Aim of the exercise: Each line of the material must be repeated precisely, with the pictures left out.

··· Given information

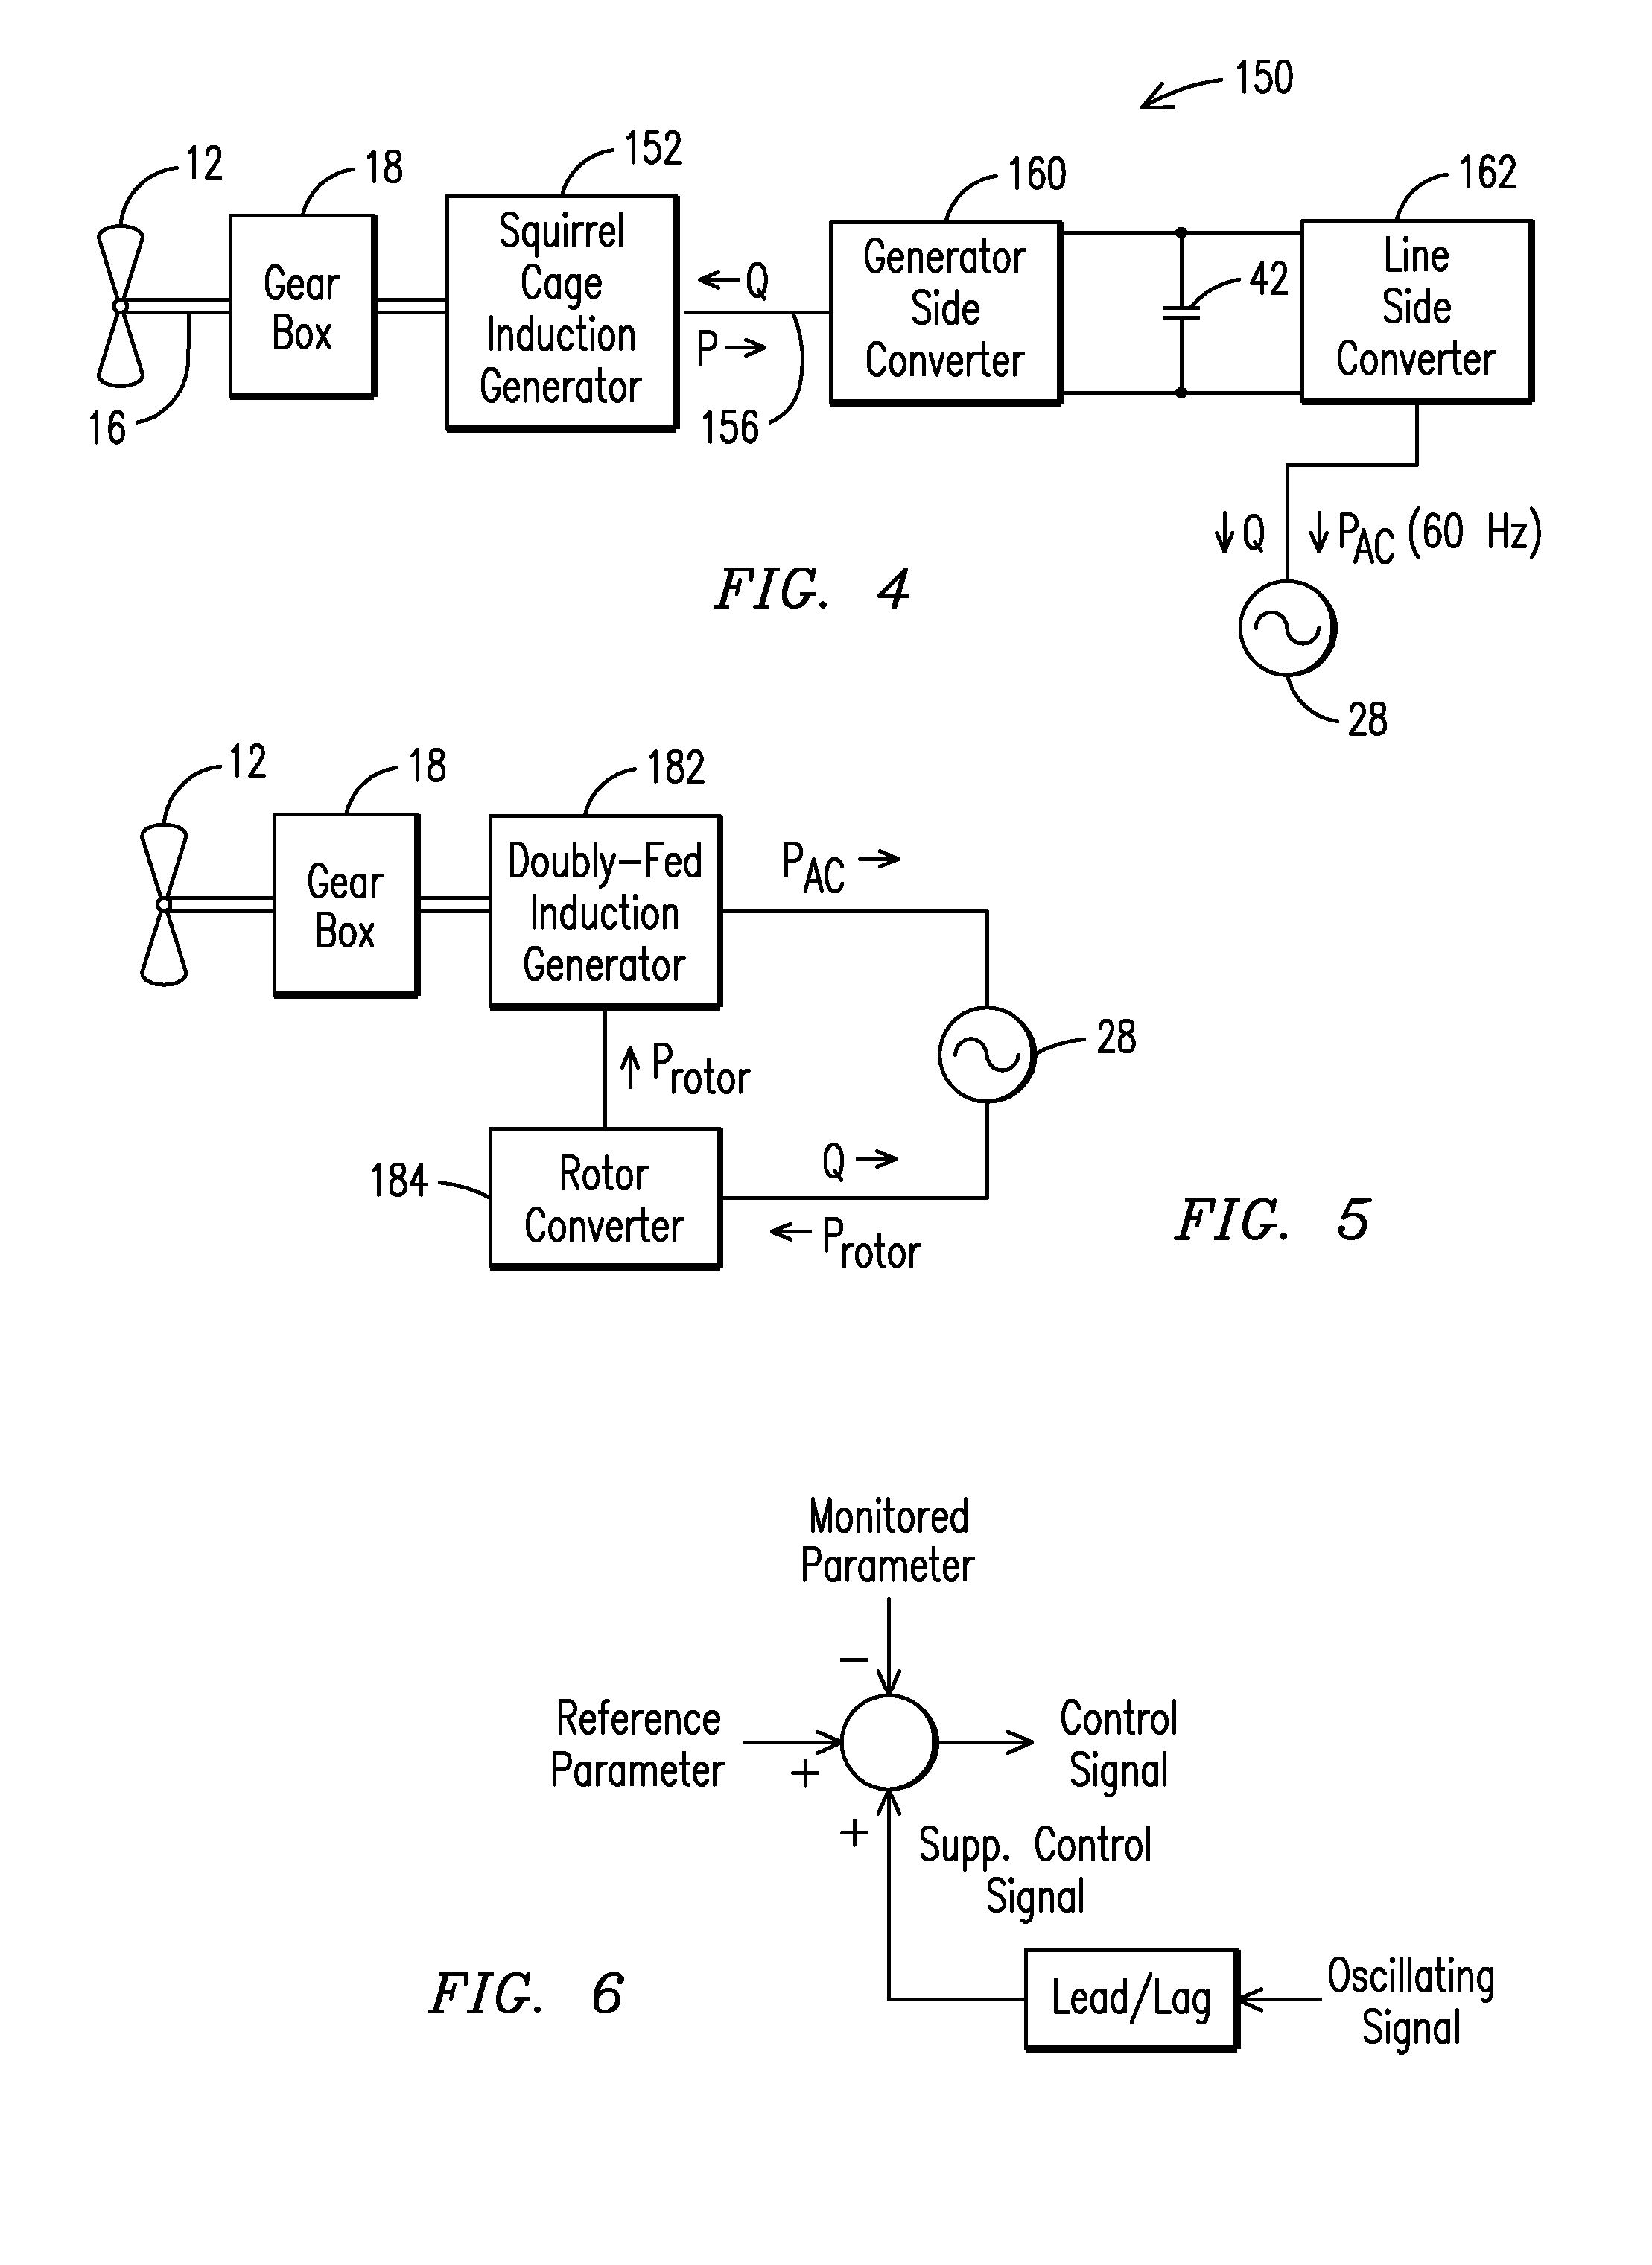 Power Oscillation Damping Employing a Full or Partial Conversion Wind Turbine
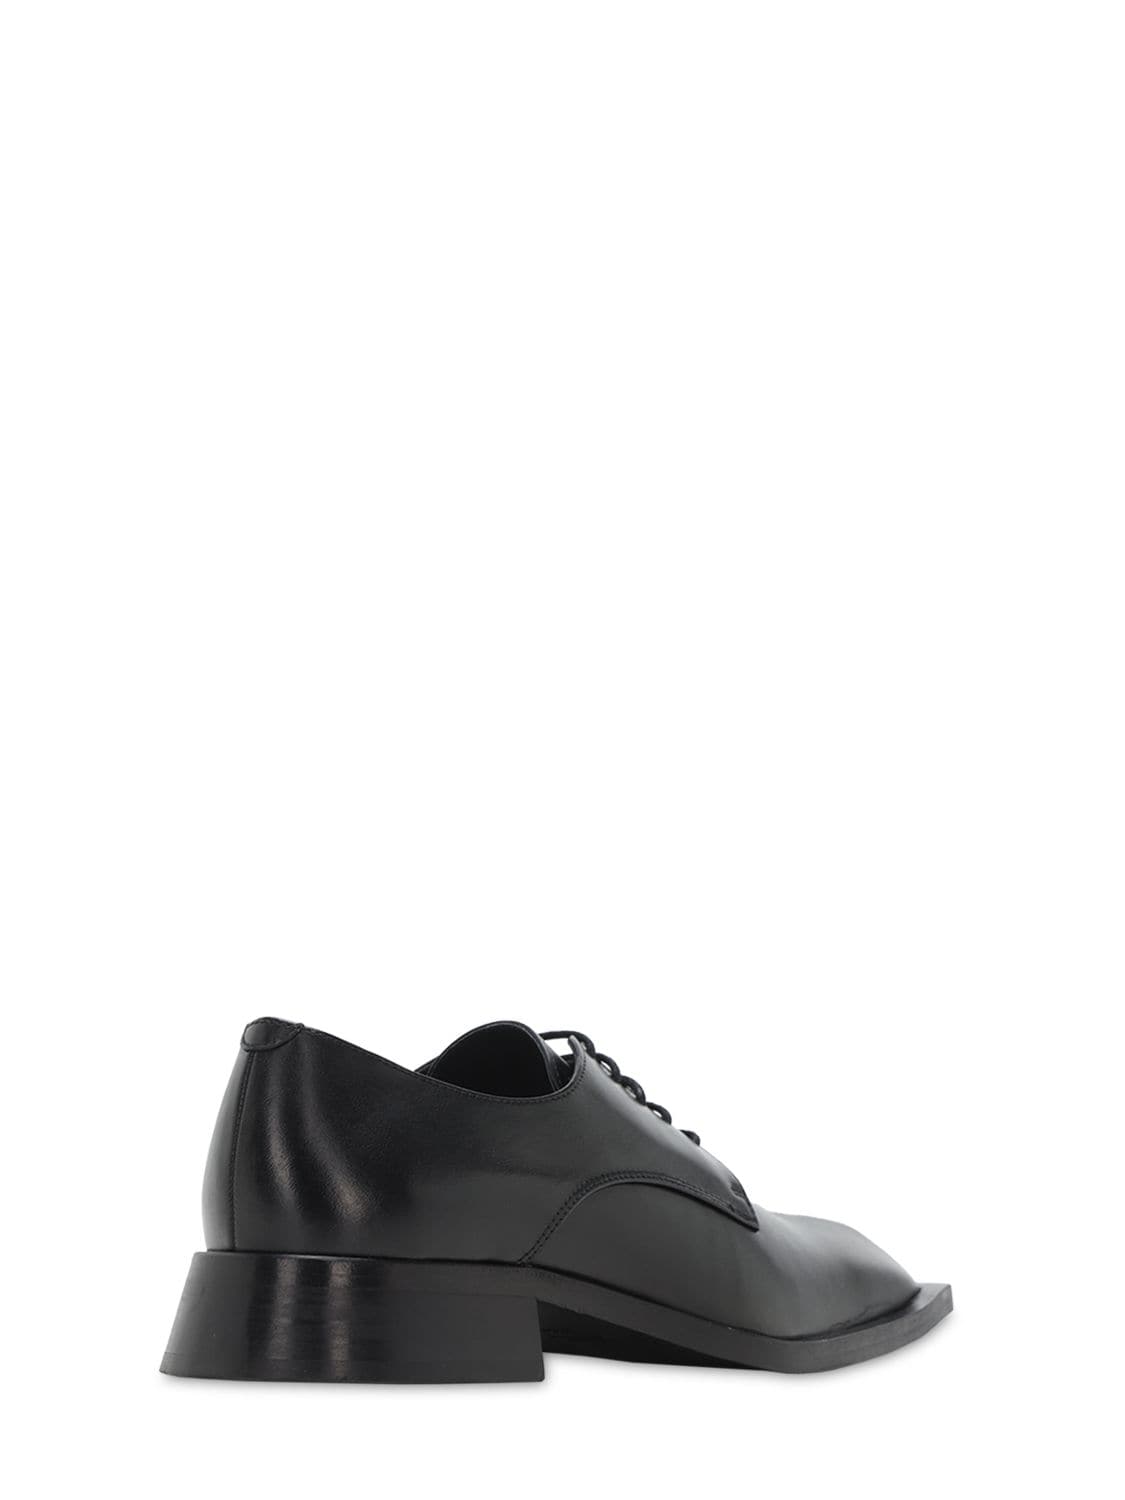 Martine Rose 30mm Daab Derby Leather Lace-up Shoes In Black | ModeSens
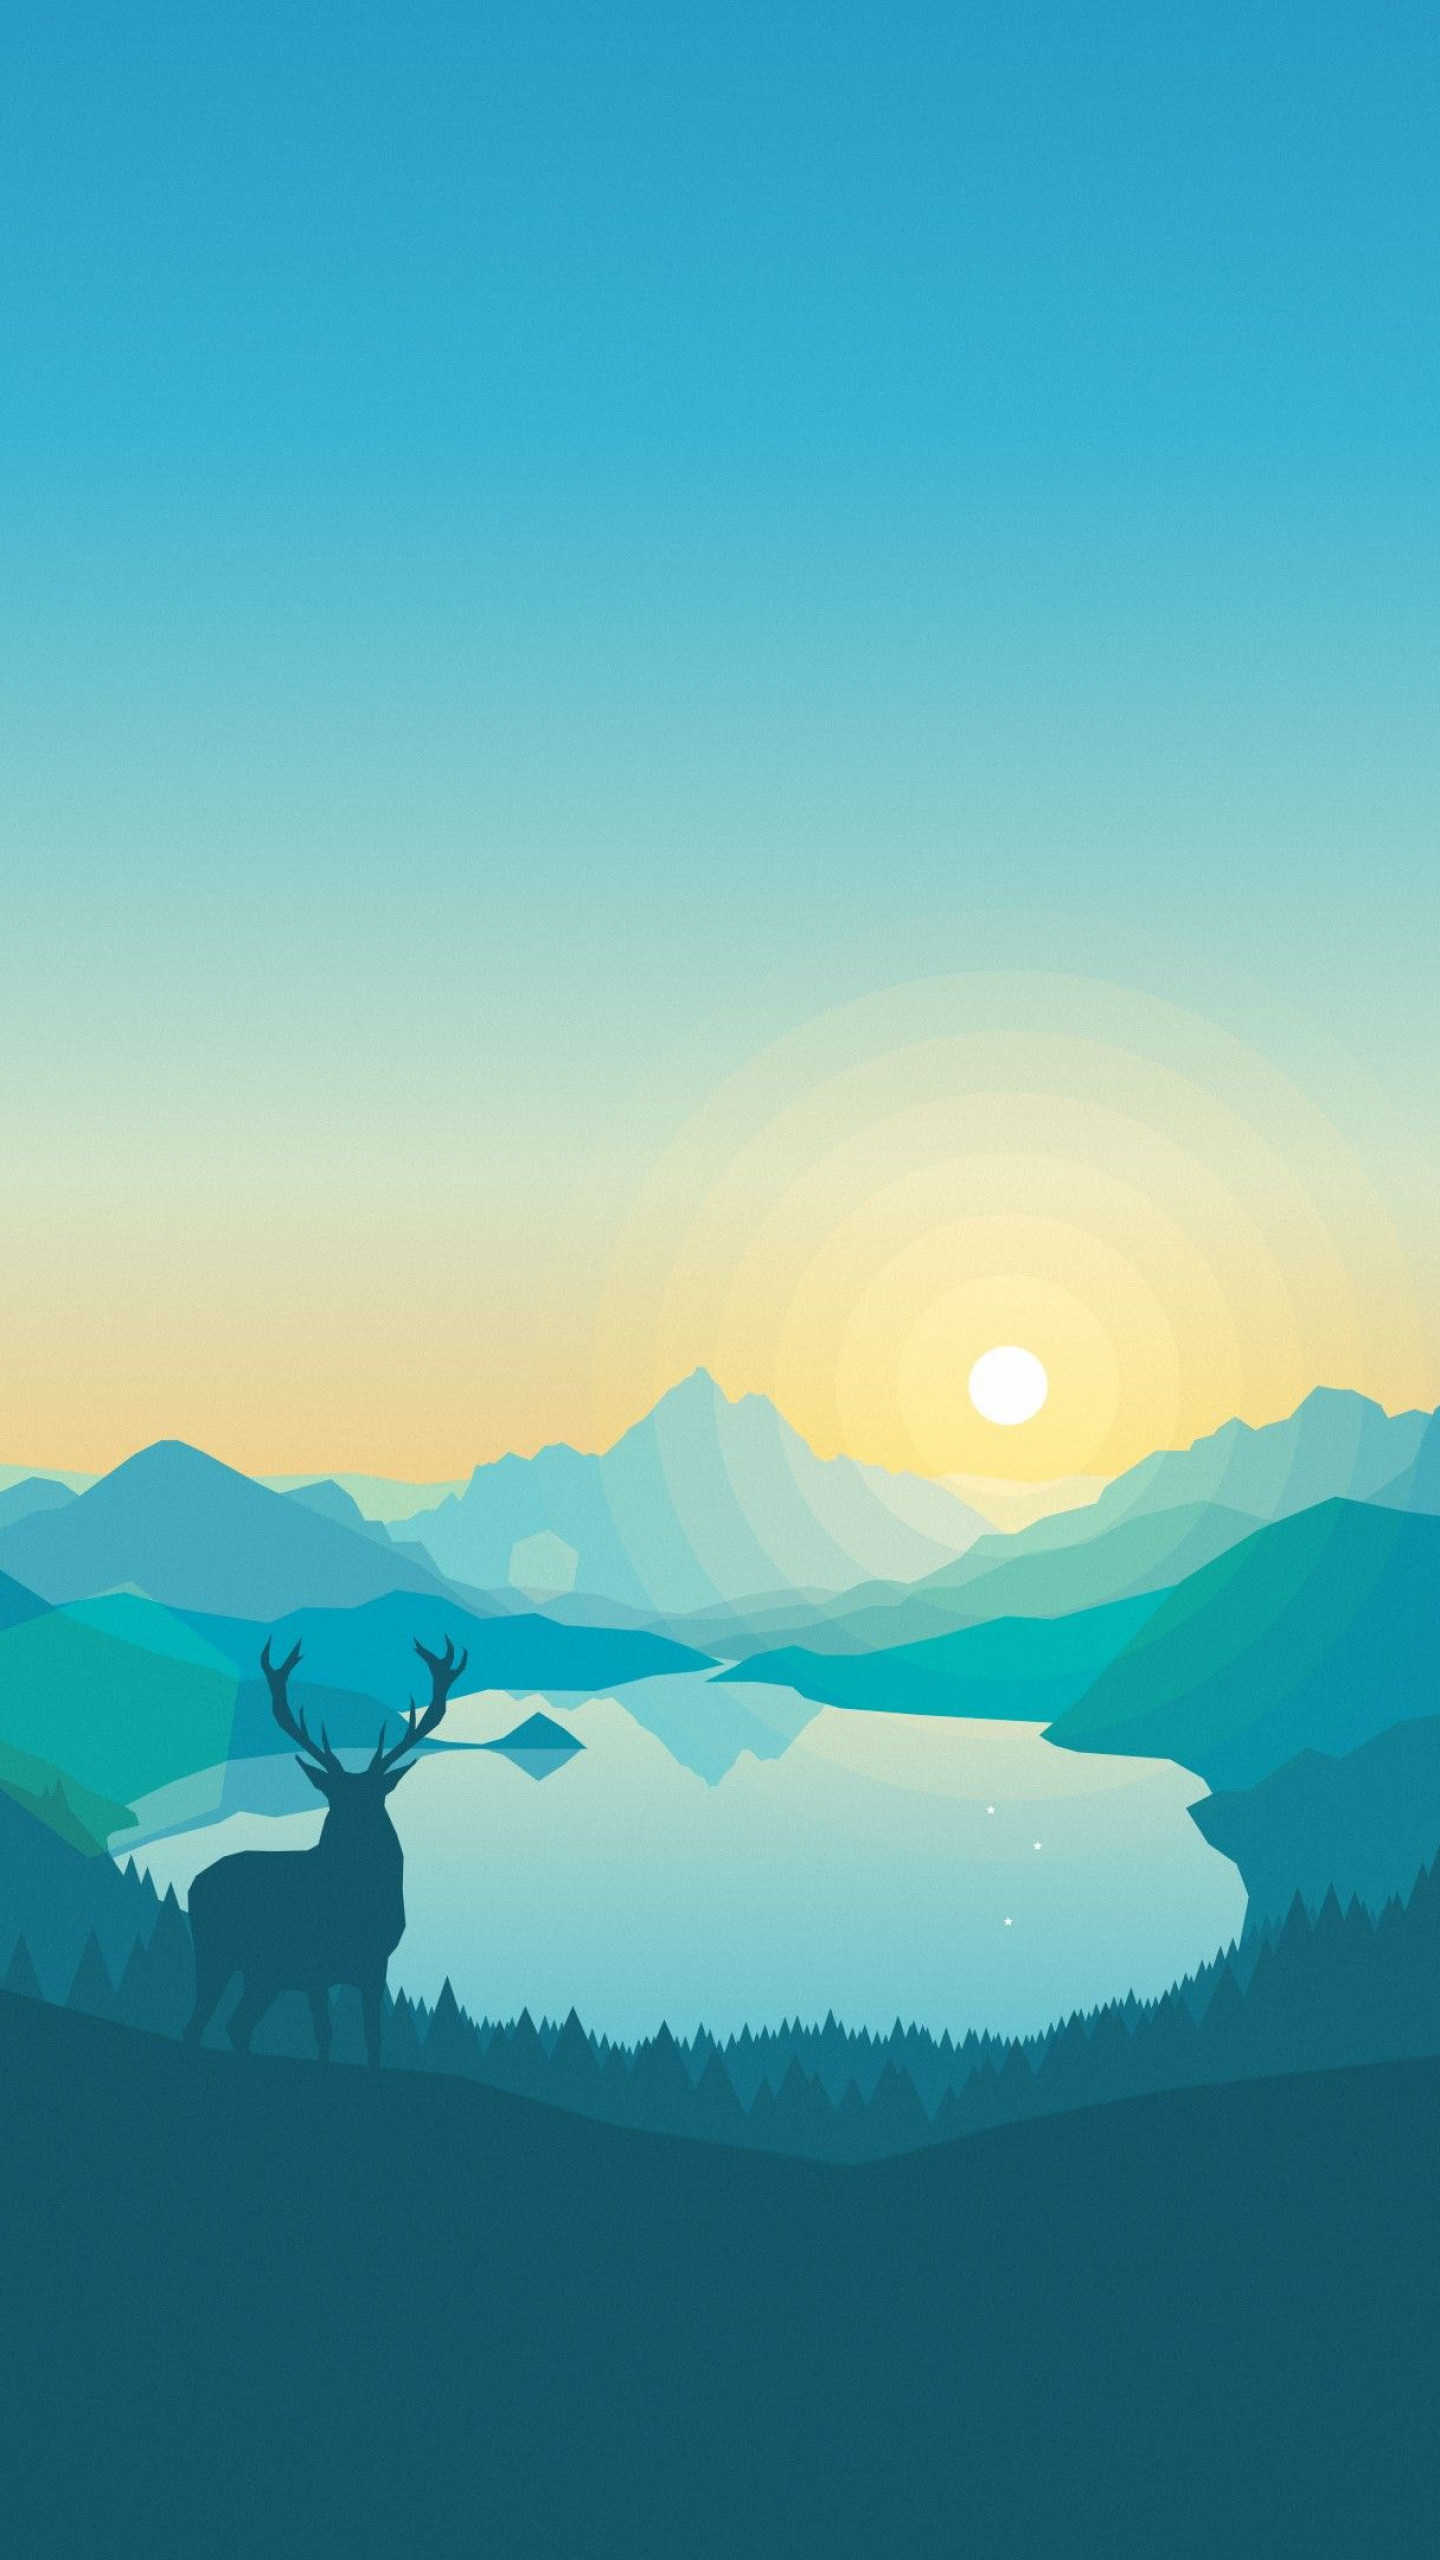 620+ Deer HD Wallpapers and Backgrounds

······

Task answer:
 Power Oscillation Damping Employing a Full or Partial Conversion Wind Turbine
 Martine Rose 30mm Daab Derby Leather Lace-up Shoes In Black | ModeSens
 620+ Deer HD Wallpapers and Backgrounds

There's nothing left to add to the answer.